DESCRIPTION OF THE TASK: Please give the whole listing again word for word, and drop any pictures it holds.

COLLECTED DATA:
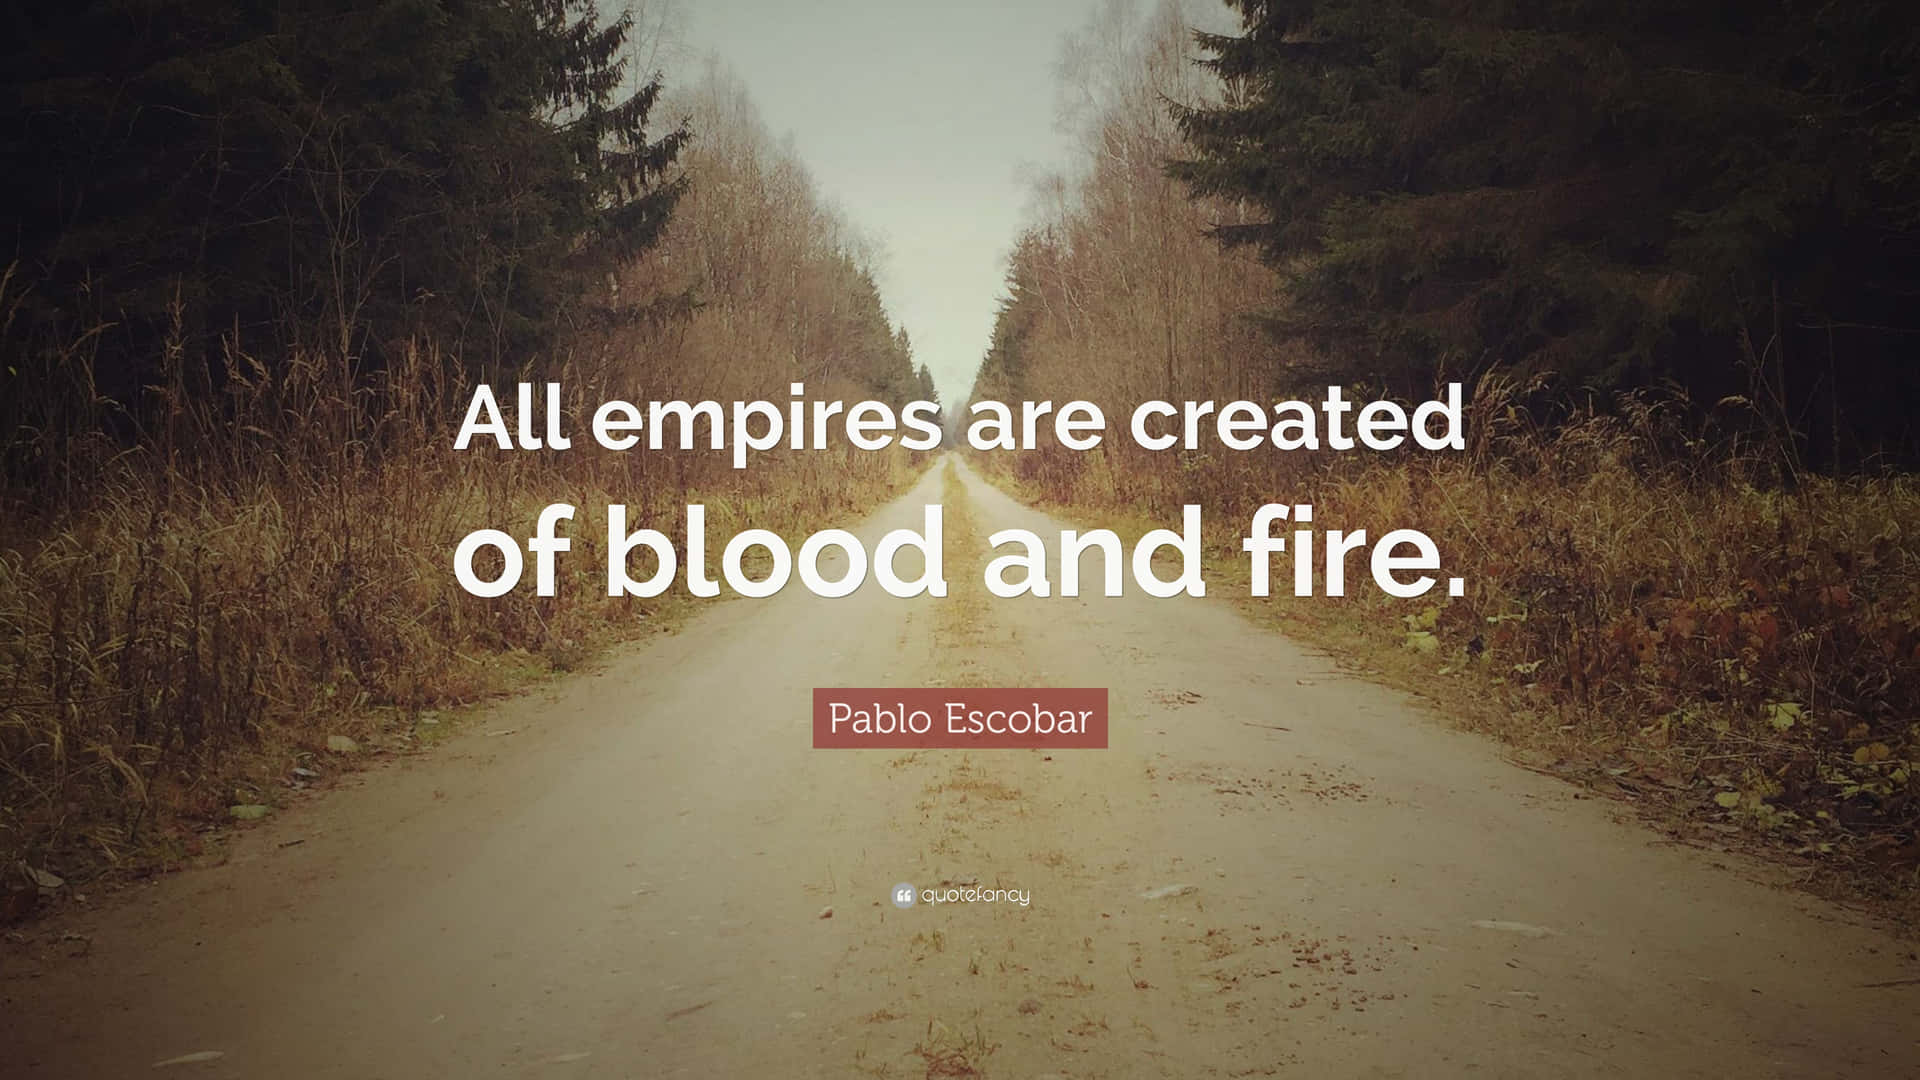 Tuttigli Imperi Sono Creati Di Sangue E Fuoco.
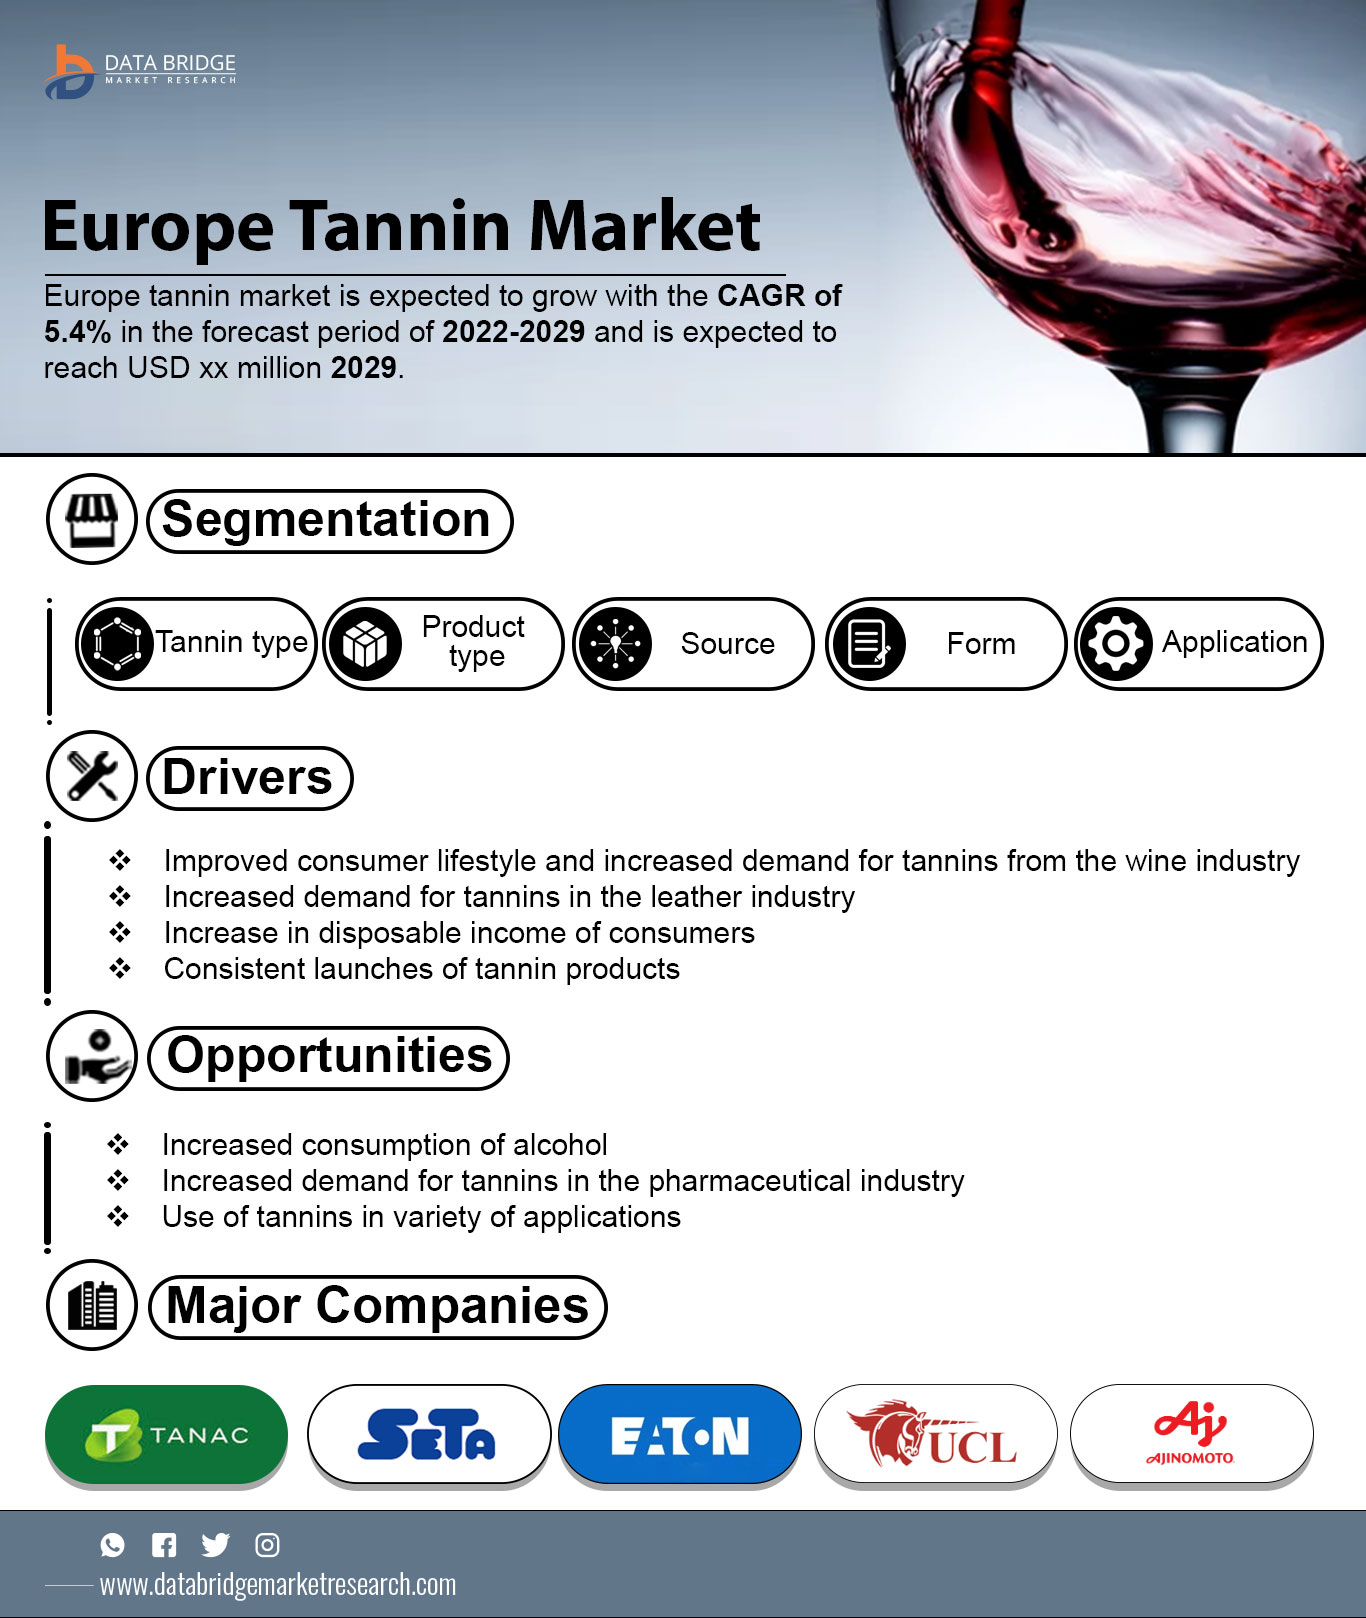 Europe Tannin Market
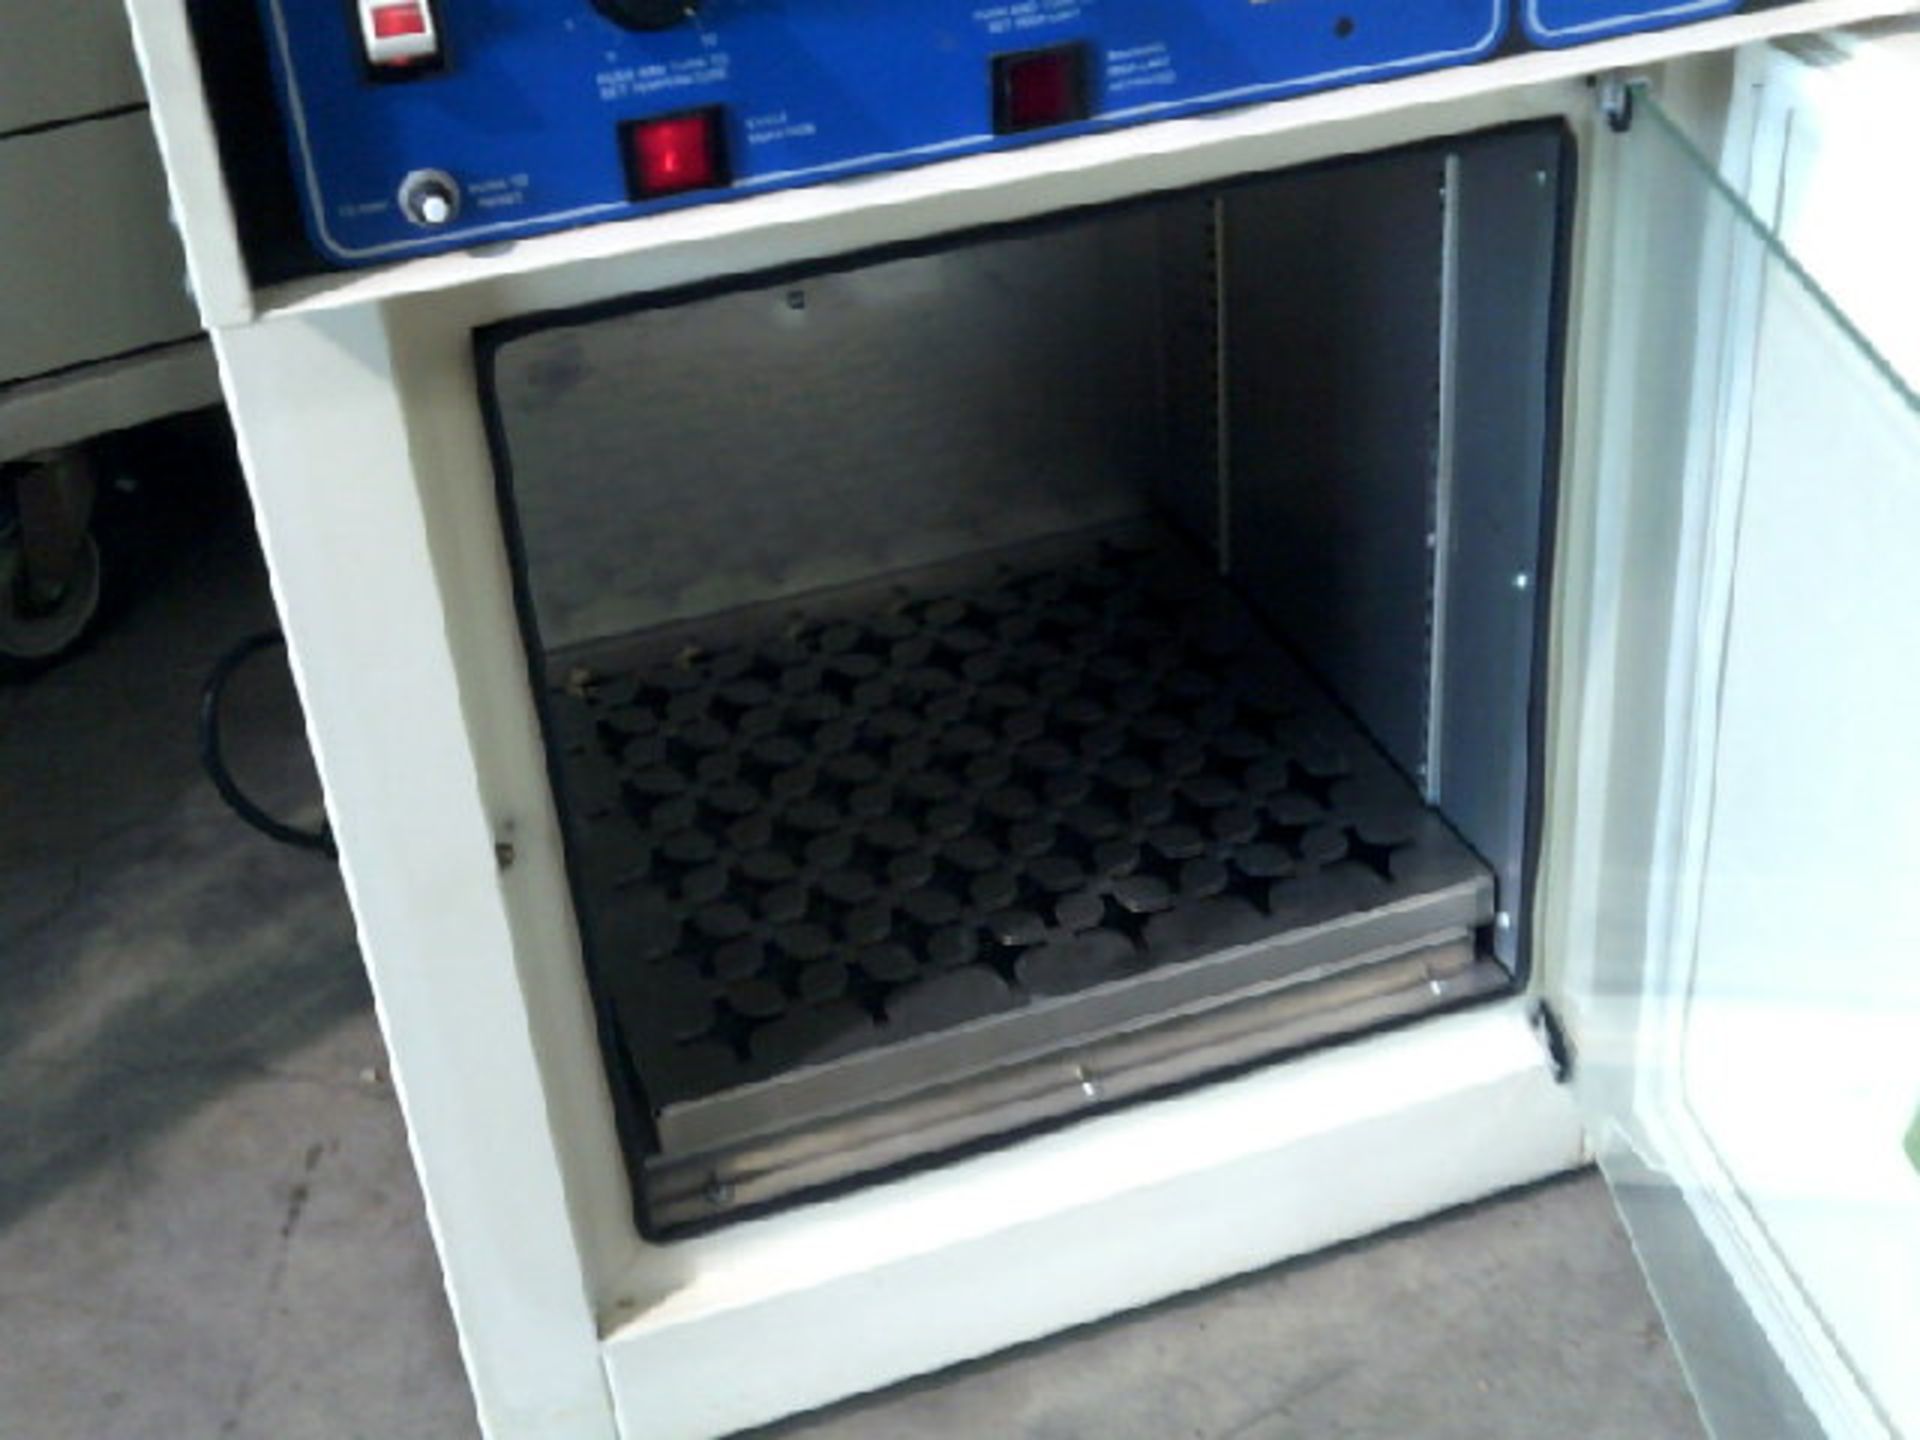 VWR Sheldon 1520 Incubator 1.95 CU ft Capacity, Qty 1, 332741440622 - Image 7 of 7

PROBLEM SOLUTION:
 Tuttigli Imperi Sono Creati Di Sangue E Fuoco.
 Europe Tannin Market
 VWR Sheldon 1520 Incubator 1.95 CU ft Capacity, Qty 1, 332741440622 - Image 7 of 7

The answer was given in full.